Even if it sounds like overkill, such a habit can improve your page load speed and save server space. Read on to find out the possible benefits for your project and learn to perform image optimization in the least exasperating way.

Why Native WP Compression Is Not a Magic Pill

There are three possible pitfalls you can face by relying on the standard WordPress functionality.

#1. One pre-defined level of compression

To perform automatic resize and compression, WordPress uses the PHP-GD extension. GD Library is enabled by default and offers an 82% JPEG compression level. To change it, you’ll need to add a filter to your theme’s functions.php file. 

At the end of the day, you’ll have the same compression level for all assets, which means that:

❌ Some images won’t look as sharp and crisp as you need

❌ Some images, conversely, won’t be sufficiently compressed

#2. Not all of your assets will get compressed

WordPress with the standard GD Library enabled will only shrink JPEG files uploaded to the Media Library. And even when it comes to JPEG files, not all the resized versions get compressed: the original image remains untouched.

Automatic resize and compression in WordPress

In this example, I uploaded a 1.28 MB, 2000x1000px image. WordPress created six resized copies to fit the theme and compressed them automatically. The original image remained full-sized.

Such a seemingly minor detail can become a thing because:

❌ You end up stuck with original images that hog your server space

❌ WP can possibly serve your original unoptimized image and affect website performance

❌ Other file types (PNG, WebP) won’t get compressed at all

#3. You lose sight of optimization opportunities

Image optimization is not limited to compression. It refers to a whole range of methods that help reduce image file sizes and make a website lean and fast. 

These methods can work both before and after uploading, ensuring the balance between perceived quality and load speed:

📥 Work before, upon, and after uploading📤 Work after uploading
Reformatting
Resizing
Compression
Progressive JPEG and Interlaced PNG
Lazy loading and LQIP
Responsiveness
Using a CDN

By delegating image optimization to WordPress, you lose the opportunity to:

❌ Benefit from next-gen formats like WebP

❌ Take advantage of different types and levels of compression

❌ Build on pre-upload optimization with post-upload techniques like lazy loading

Pre-Upload Optimization Methods: Overview

The limitations mentioned above are not that critical if you have a static website with minimal images all in JPEG format.

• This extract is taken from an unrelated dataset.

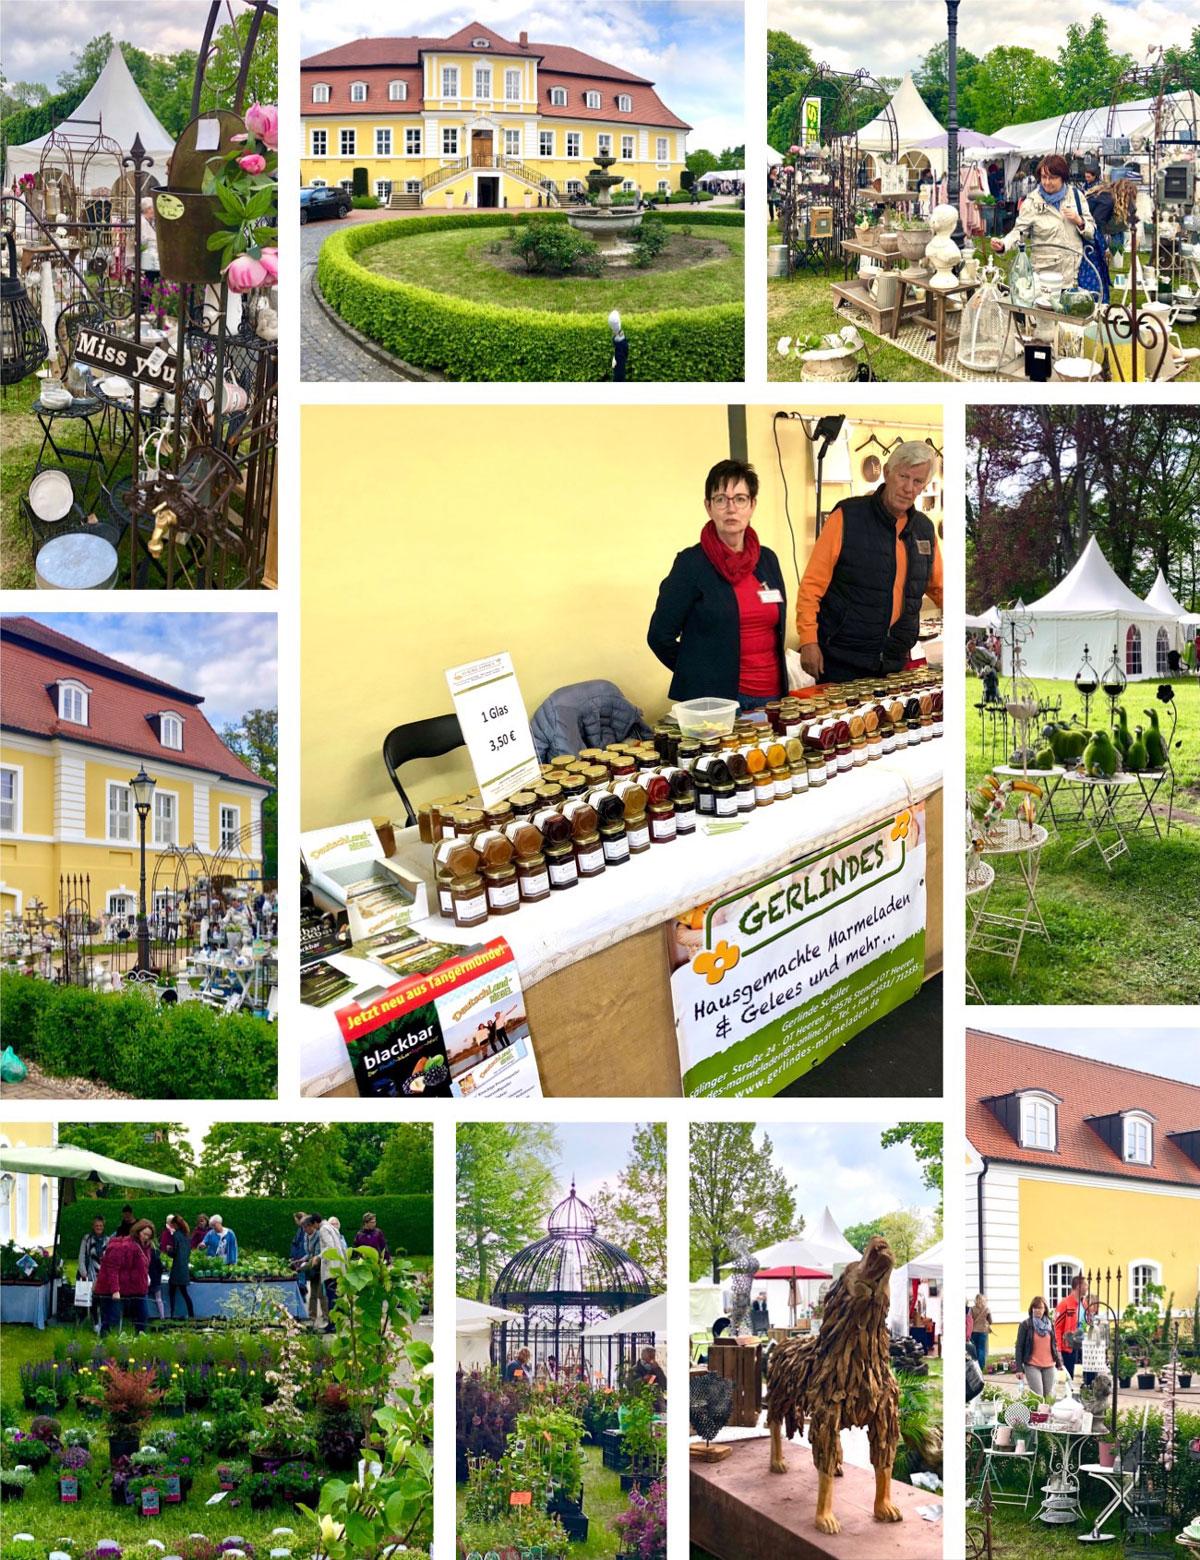 Döbbelin, Lebensart, Schloss, Ideen, Garten, Messe, Wohnen, Lifestyle, Gerlindes-Marmeladen, Deutschlandriegel, Bismarck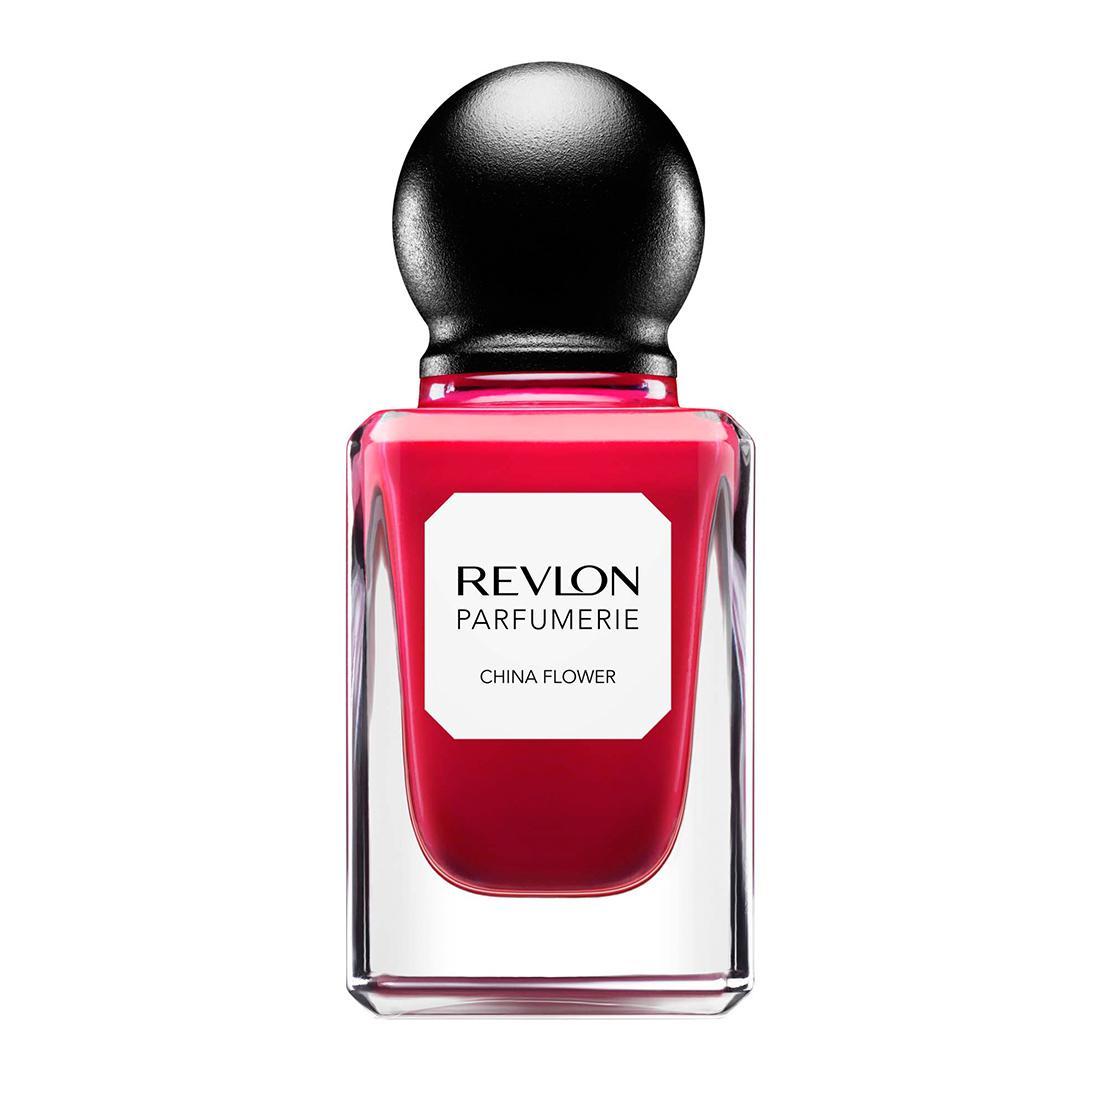 Revlon - Vernis à Ongles Parfumerie

For more complex projects with different file types, some extra optimization routines prior to uploading are recommended.

Choosing the right image format and reformatting

Before anything else, you can pick the proper format for your original images, depending on the type of visual content they communicate.

Most of the time, we would choose between JPEG and PNG. They are both raster formats but encode images differently, affecting image size, quality, and even functionality (e.g., transparency). JPEG uses lossy compression, resulting in smaller file sizes and inferior quality. PNG applies lossless compression; therefore, the file size can be bigger for photos and smaller for graphics. So, which one to choose?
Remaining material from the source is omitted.